Les dispositions applicables sont donc les suivantes, issues du chapitre relatif aux avantages complémentaires ouverts aux praticiens et auxiliaires médicaux conventionnés :
Conformément à l’article L. 646-1 du même code, " le régime d’assurance obligatoire institué par le présent chapitre est applicable :
1° aux médecins exerçant leur activité professionnelle, non salariée, dans le cadre de la convention prévue à l’article L. 162-5 ou, en l’absence d’une telle convention, dans le cadre du règlement prévu à l’article L. 162-14-2 ;
2° aux médecins exerçant leur activité professionnelle, non salariés, dans le cadre de la convention mentionnée au 1° et de la convention prévue à l’article L. 162-14 ou en l’absence de la convention mentionnée au 1° dans le cadre du règlement prévu à l’article L. 162-14-2 ".
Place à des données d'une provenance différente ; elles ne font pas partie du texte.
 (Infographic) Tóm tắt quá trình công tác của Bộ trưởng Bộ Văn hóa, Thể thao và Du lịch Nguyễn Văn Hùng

L’article L. 162-5 du code de la sécurité sociale mentionne les conventions nationales conclues séparément pour les médecins généralistes et les médecins spécialistes, par l’Union nationale des caisses d’assurance maladie et une ou plusieurs organisations syndicales les plus représentatives pour l’ensemble du territoire de médecins généralistes ou de médecins spécialistes ou par une convention nationale conclue par l’Union nationale des caisses d’assurance maladie et au moins une organisation syndicale représentative pour l’ensemble du territoire de médecins généralistes et une organisation syndicale représentative pour l’ensemble du territoire de médecins spécialistes.
L’article L. 162-14 fait quant à lui référence à une convention nationale conclue entre une ou plusieurs organisations syndicales les plus représentatives des directeurs de laboratoire de biologie médicale et l’Union nationale des caisses d’assurance maladie.
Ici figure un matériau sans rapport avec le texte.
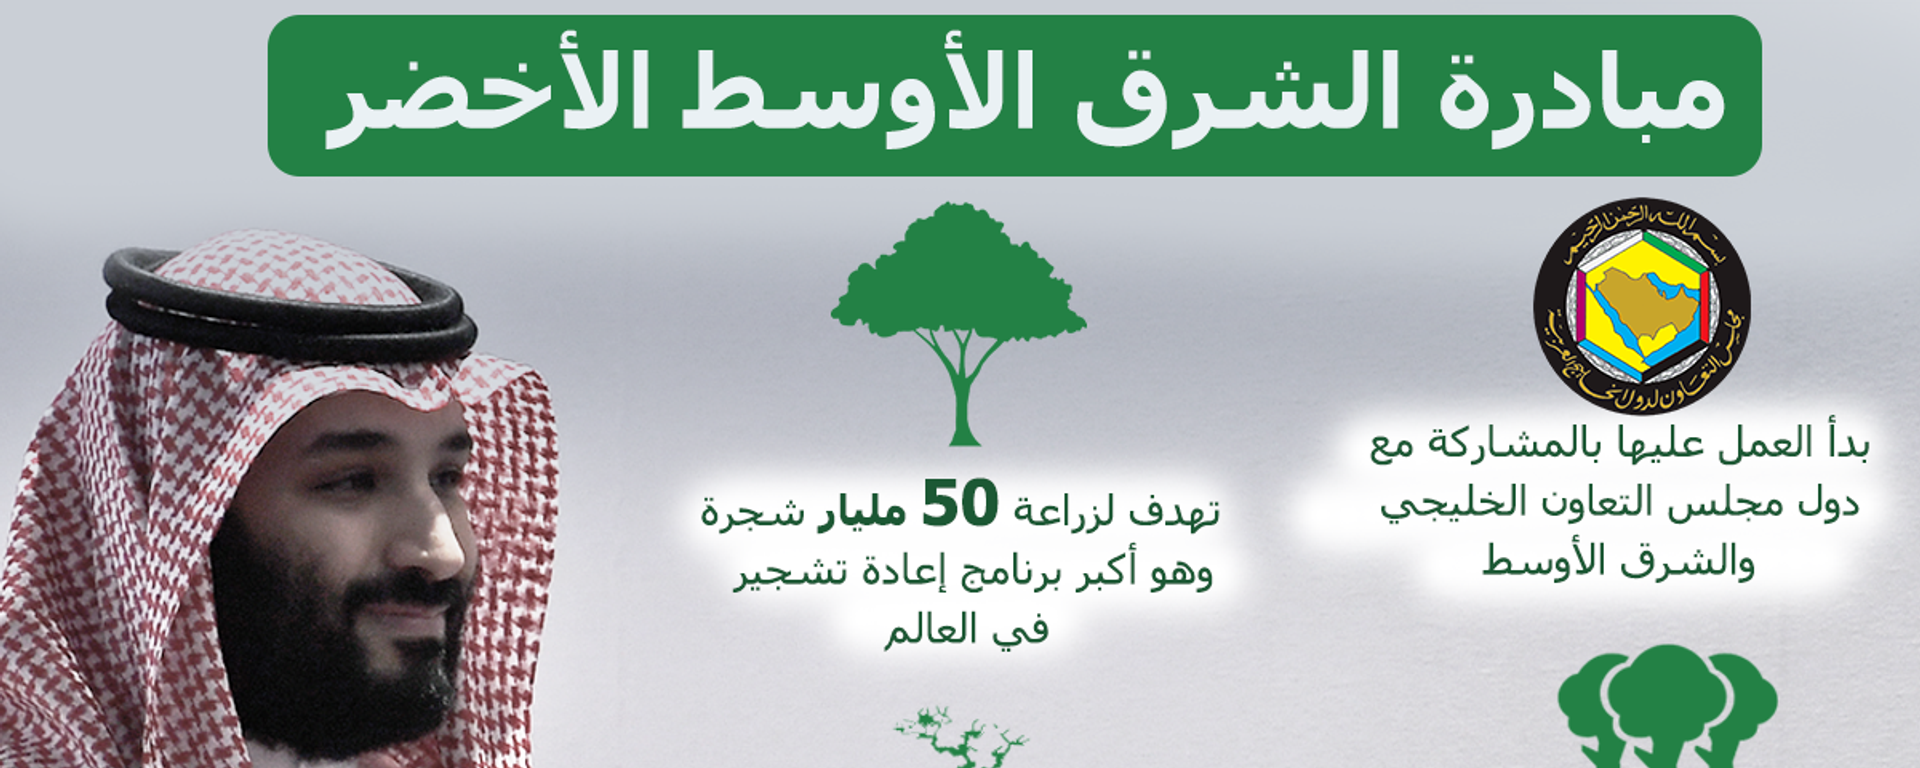 مبادرة الشرق الأوسط الأخضر - سبوتنيك عربي, 1920, 30.03.2021

Enfin, le règlement de l’article L. 162-14-2 correspond au projet soumis aux ministres pour approbation et publication sous forme de règlement arbitral en cas de rupture des négociations préalables à l’élaboration d’une convention ou d’opposition à la nouvelle convention.
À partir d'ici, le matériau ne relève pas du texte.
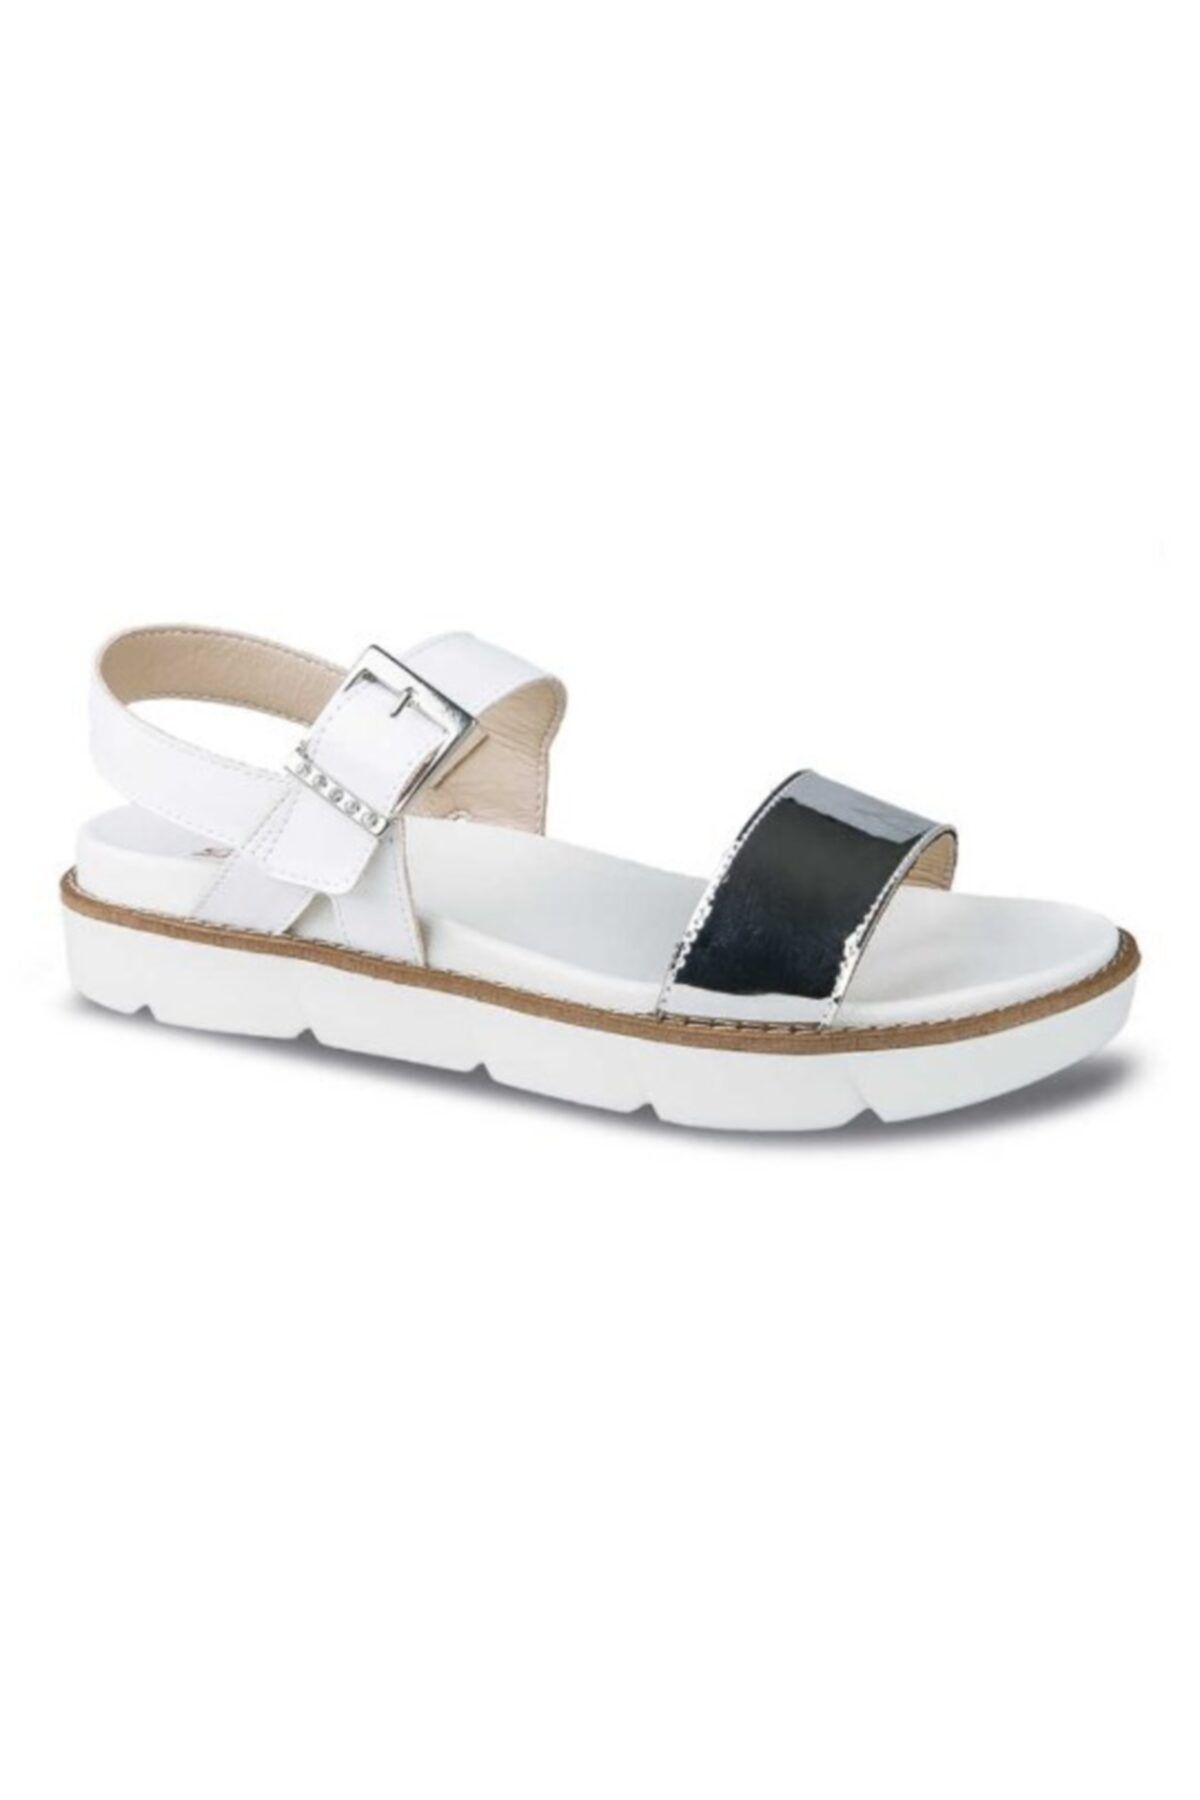 Ceyo Kadın Gümüş Renk Düz Taban Sandalet 9966

En l’espèce, si Mme [S] [T] établit qu’elle travaille au sein d’un laboratoire conventionné, force est de constater qu’elle ne démontre pas avoir elle-même signé une convention de secteur 1 ou de secteur 2 et qu’elle ne prétend pas que les dispositions de l’article L. 162-14-2 seraient applicables au cas d’espèce.
Ses échanges avec la [5] permettent d’établir qu’elle a réclamé une attestation d’affiliation au régime des praticiens et auxiliaires médicaux conventionnés, qui lui a été refusée compte tenu de son affiliation au régime social des indépendants, mais ne démontrent pas qu’elle aurait demandé à signer une convention.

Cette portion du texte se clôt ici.